With the increased demand for data mining and information parsing and decreasing acceleration of computing power, I think we will see more need for novel methods for data mining and information processing. While it’s true that the rate at which computing power is declining, it is also likely that we will still see cheaper computing power due to cloud infrastructure providing us with better utilization with technologies like container orchestration, coupled with the development of newer hardware architectures. It is thereby making this field still attractive enough to enter for small and medium players.

This article will explore how Natural Language Processing, or NLP, may help fill this market gap and provide a solution to the knowledge bottleneck. Natural Language Processing is the set of methods for making the human language accessible to computers, therefore bridging the two.

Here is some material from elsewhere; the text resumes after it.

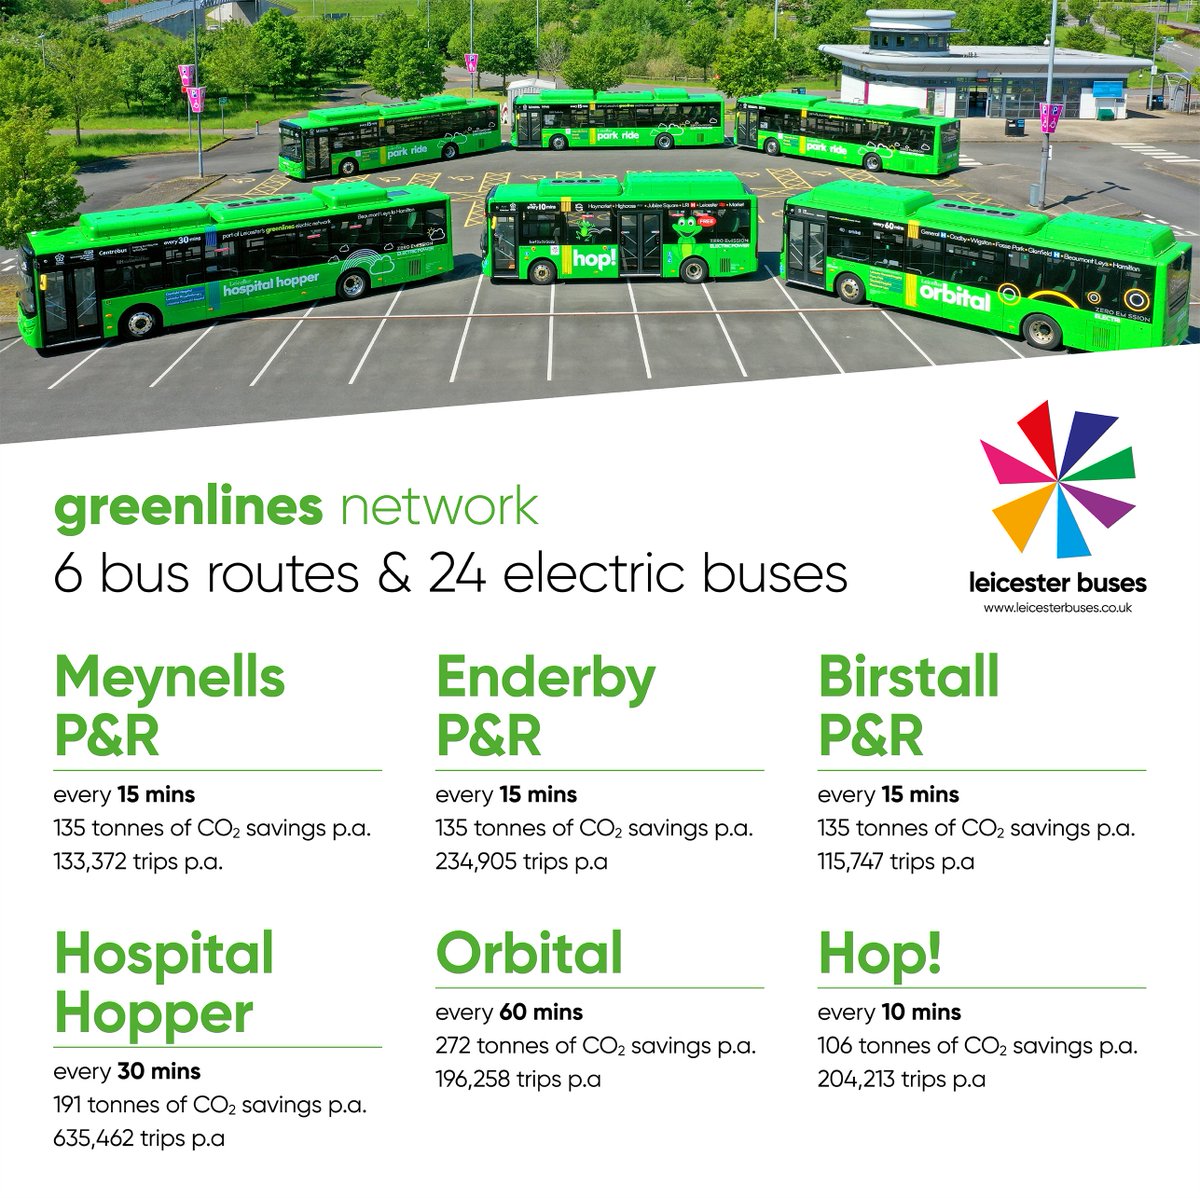 Find out more about our fully electric Greenlines network leicesterbuses.co.uk/greenlines #leicesterbuses #greenlines #electric #zeroemissions

Natural Language Processing and its Neighbors

Computational Linguistics

Although in practice NLP and Computational Linguistics, CL may be used almost synonymously, there is a difference between the two. Just like computational biology is about biology first and uses computer science to aid in biology research. Computational linguistics is about the study of language and uses computer science to support its research .

In contrast, Natural Language Processing or NLP is focused on the design and analysis of algorithms for processing human speech. Some of the applications of NLP are:

Extracting information out of texts
Translating between languages
Answering questions
Holding a conversation
Taking instructions

Machine Learning

The current approach to NLP relies heavily on Machine Learning or ML. Machine Learning provides an array of techniques that’s useful for parsing information out of natural languages. ML can be applied to any data, so it has a wide variety of uses. However, in NLP, we primarily deal with textual data. Text data is discrete, and meaning arises out of the combinatorial arrangements of symbolic units.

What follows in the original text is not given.